Could you write out, exactly as they stand, only the lines in the listing below from the line with "Variantes de types" to the line with "Daiwa Pegasus 2 Smart Massage Chair", both ends included, without the pictures?

**RECORDS TO PROCESS**
━━━━━━━━━━━━━━━━━━━━

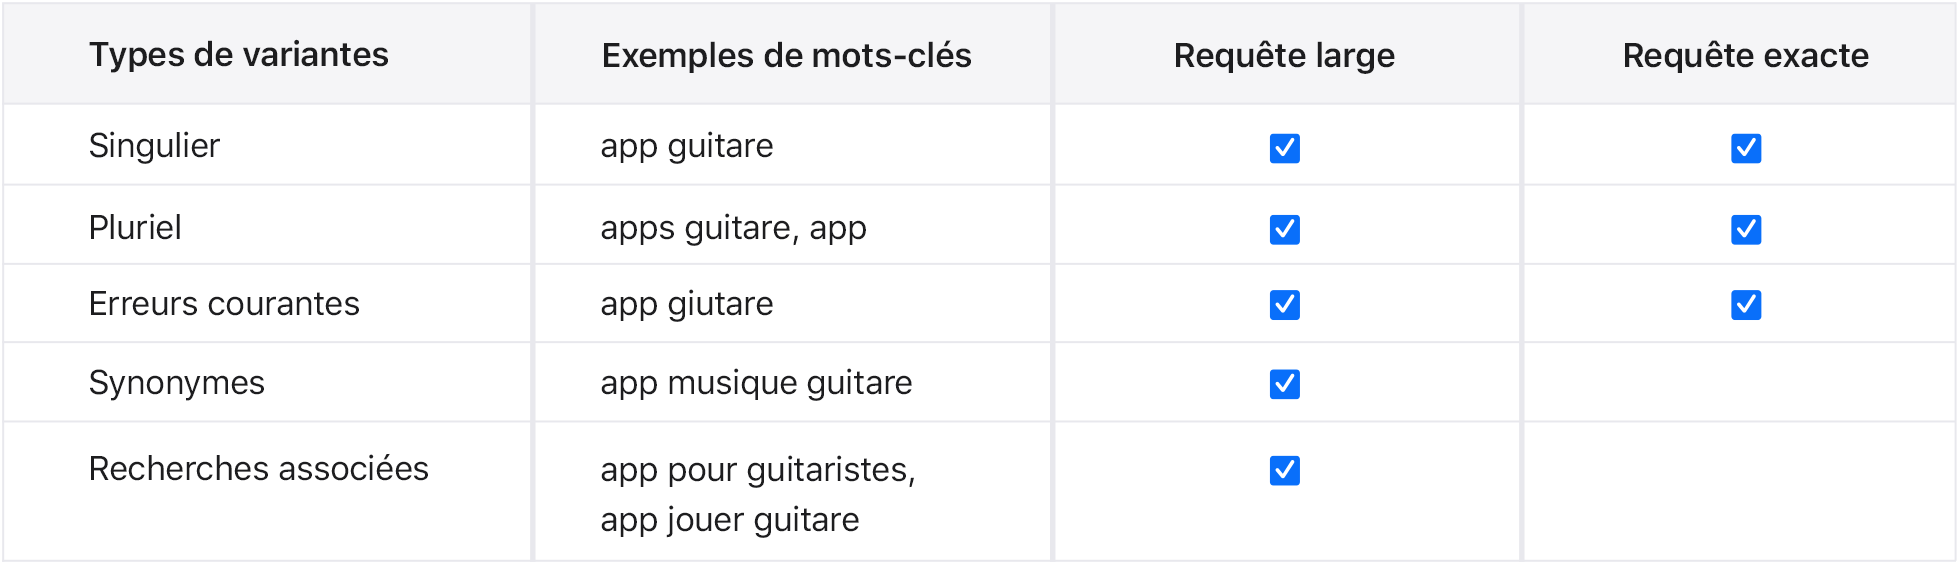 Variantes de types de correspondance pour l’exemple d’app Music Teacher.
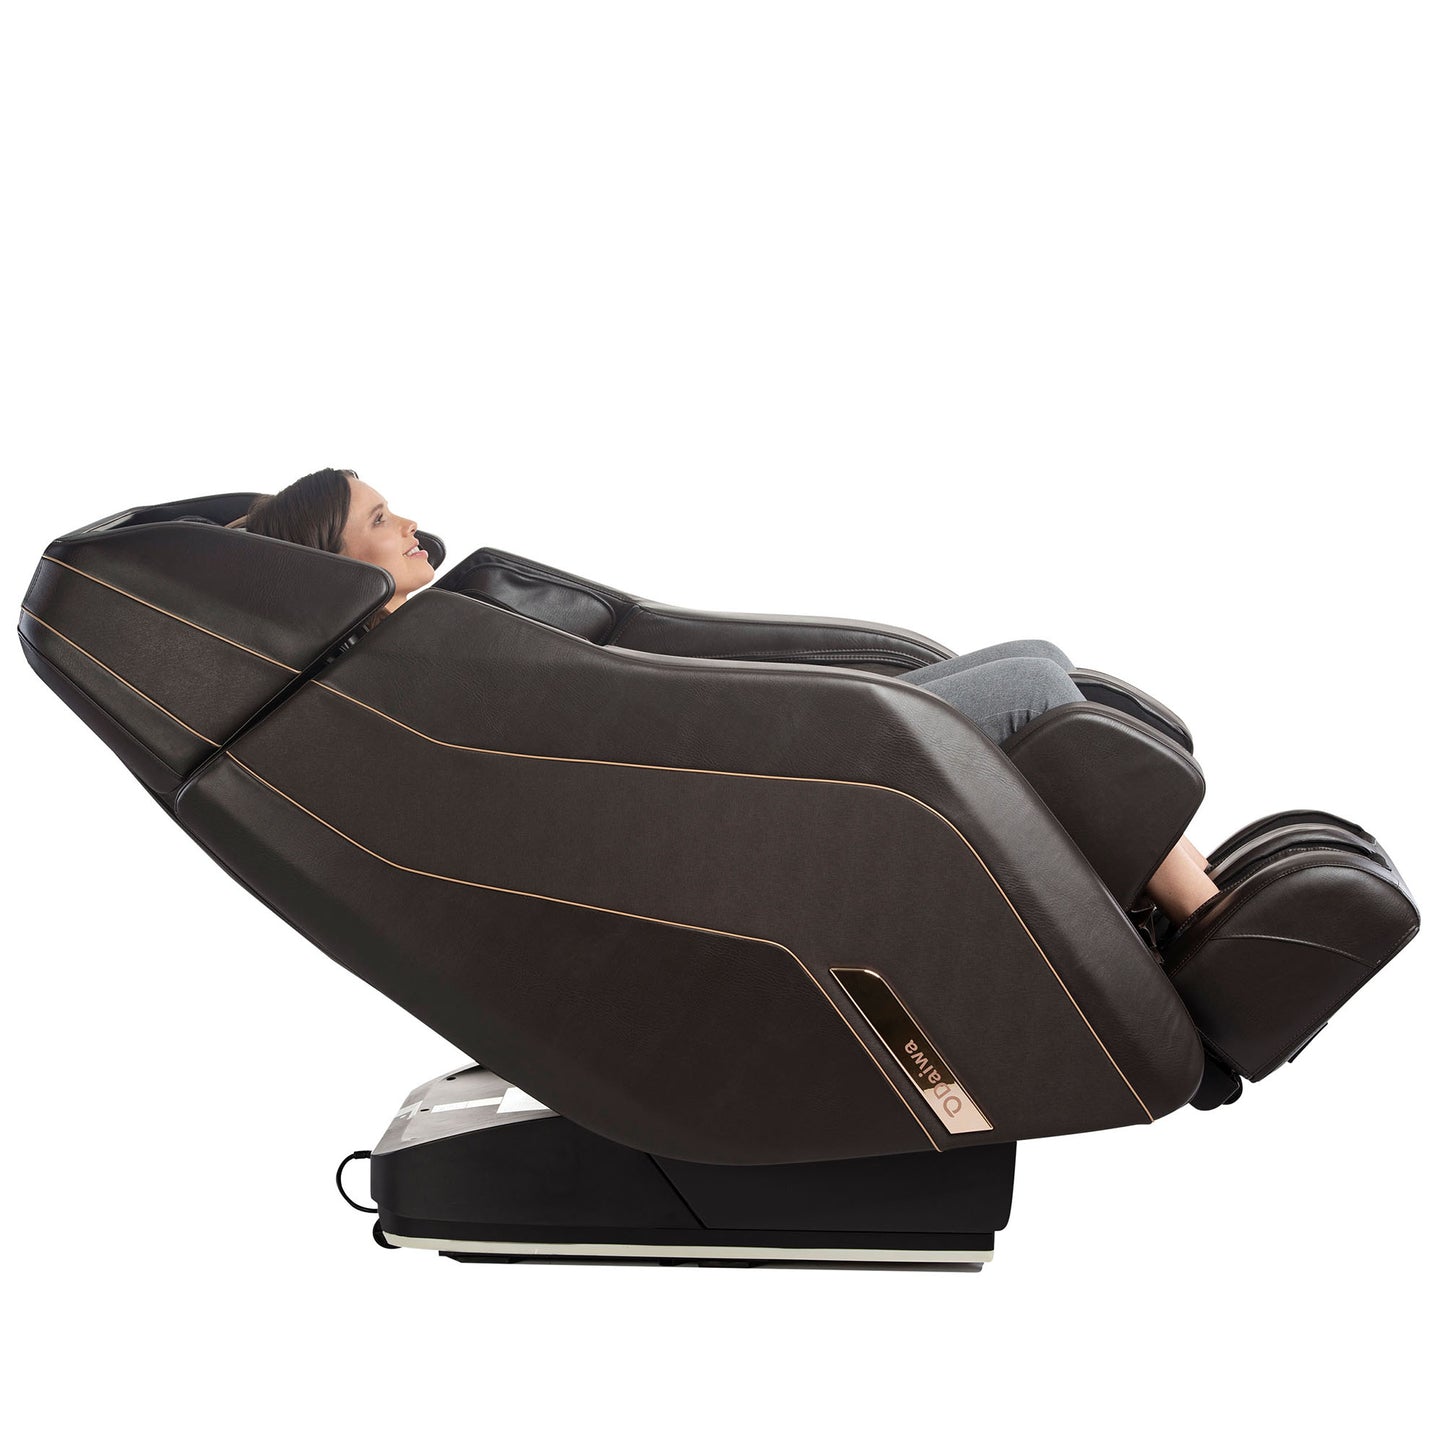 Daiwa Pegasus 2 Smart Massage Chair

━━━━━━━━━━━━━━━━━━━━

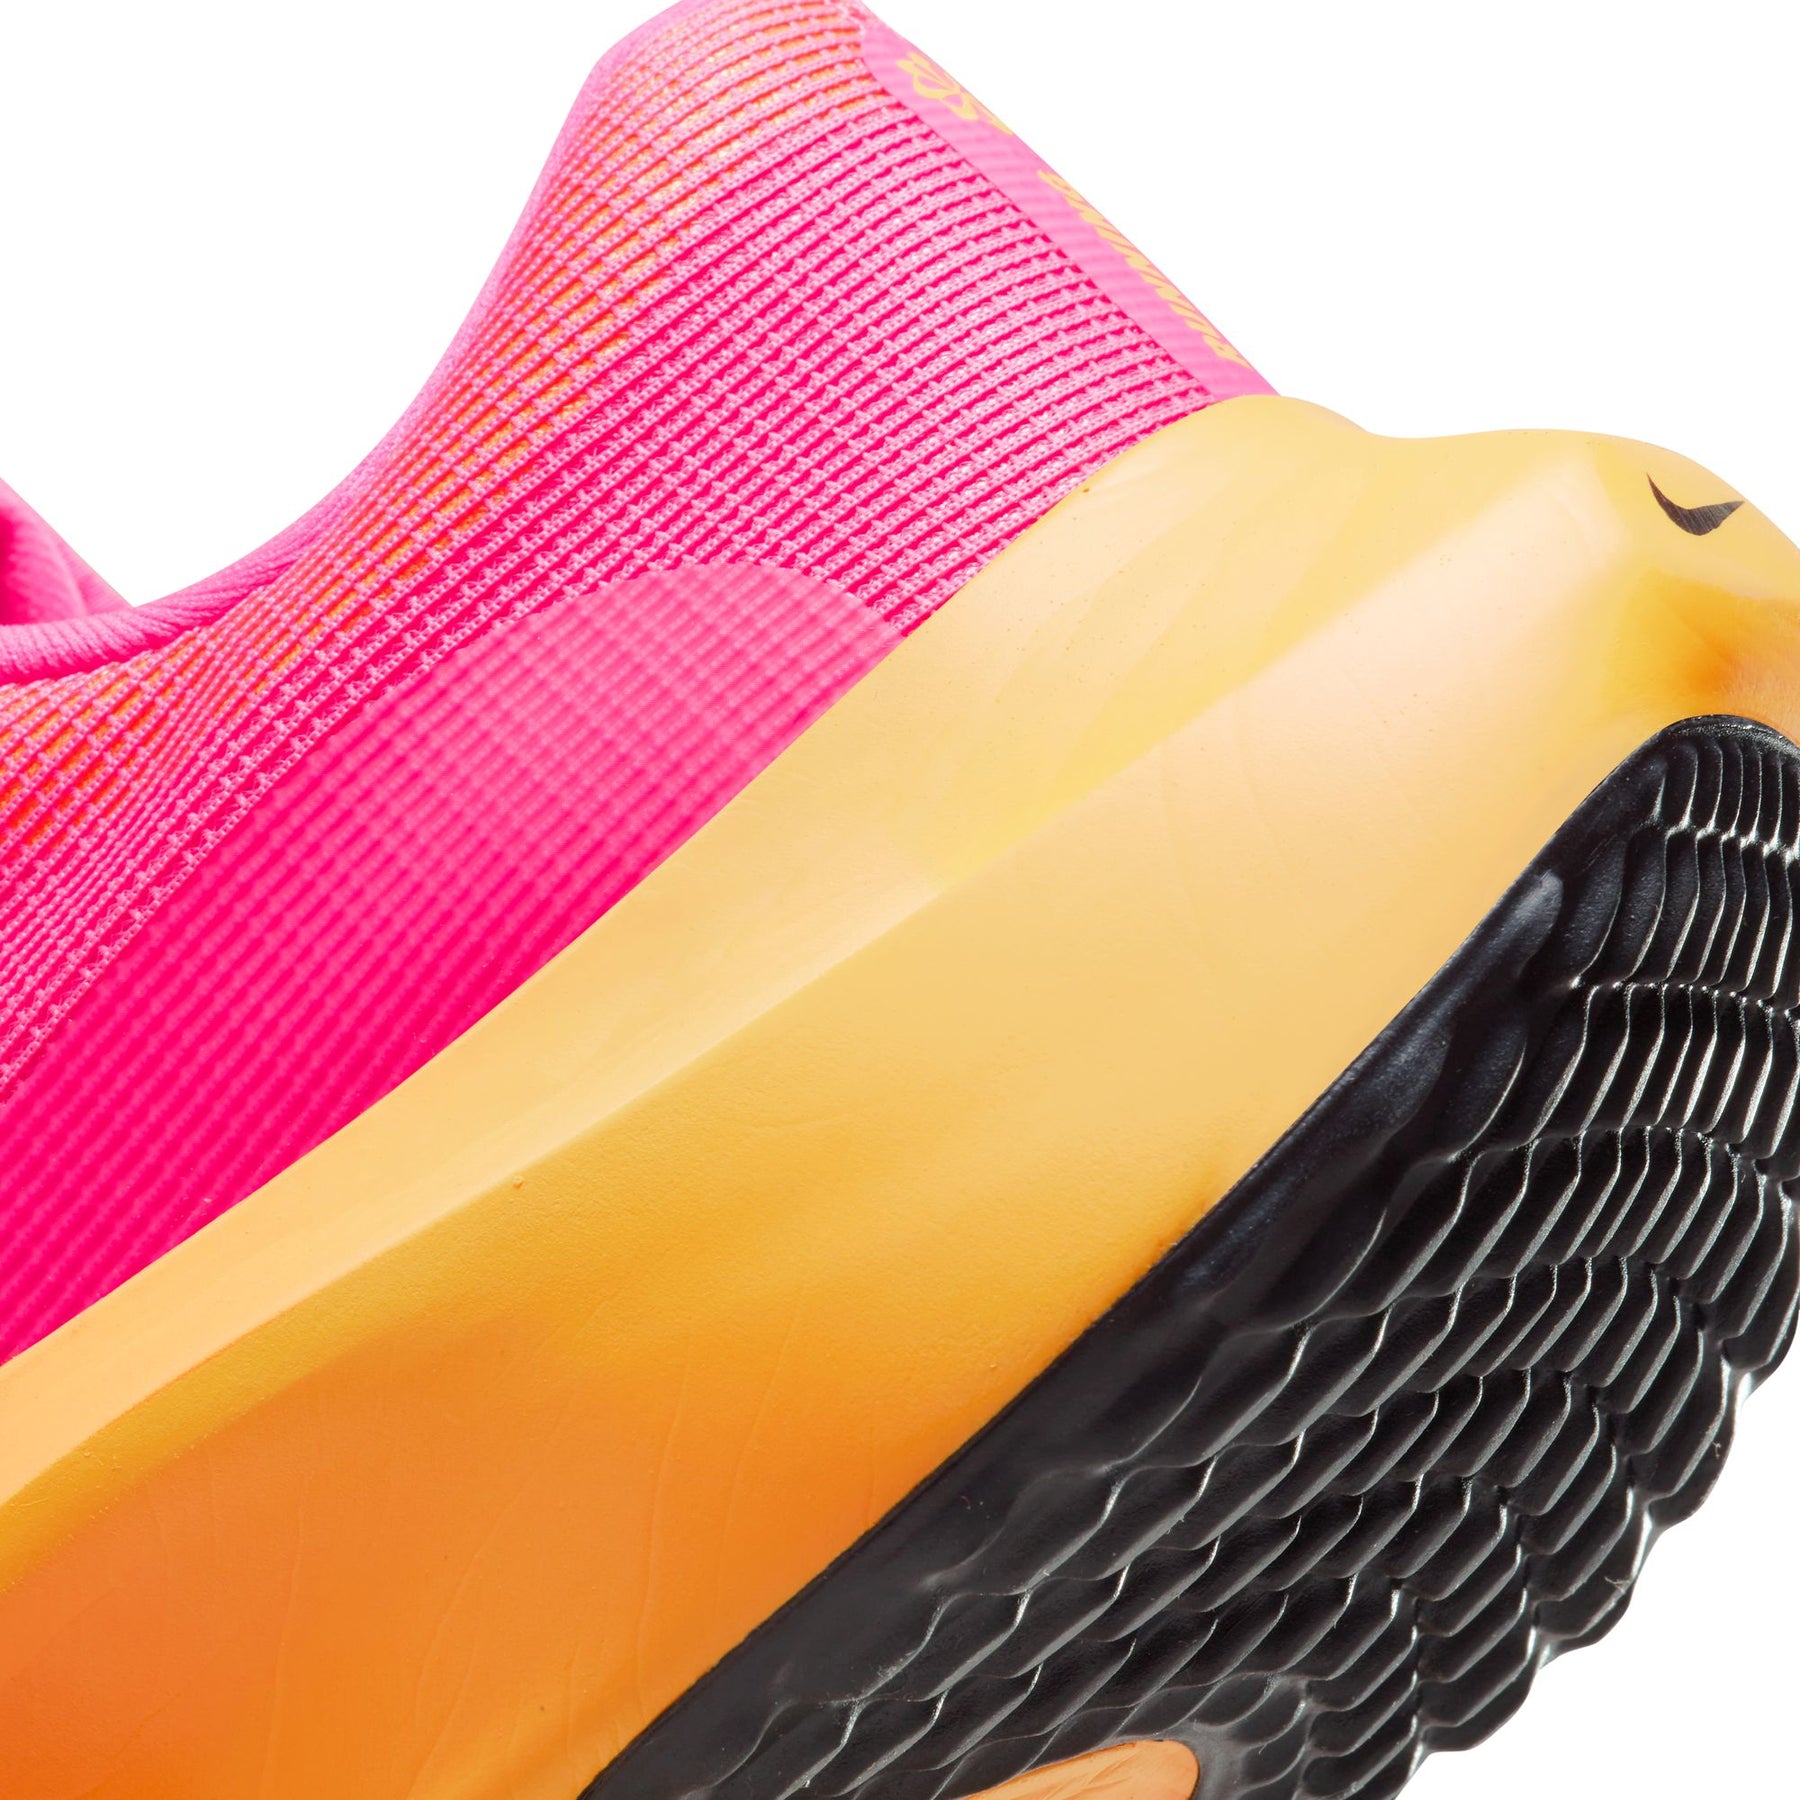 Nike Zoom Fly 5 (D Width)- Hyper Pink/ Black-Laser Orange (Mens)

━━━━━━━━━━━━━━━━━━━━

**EXERCISE RESULT**
 Variantes de types de correspondance pour l’exemple d’app Music Teacher.
 Daiwa Pegasus 2 Smart Massage Chair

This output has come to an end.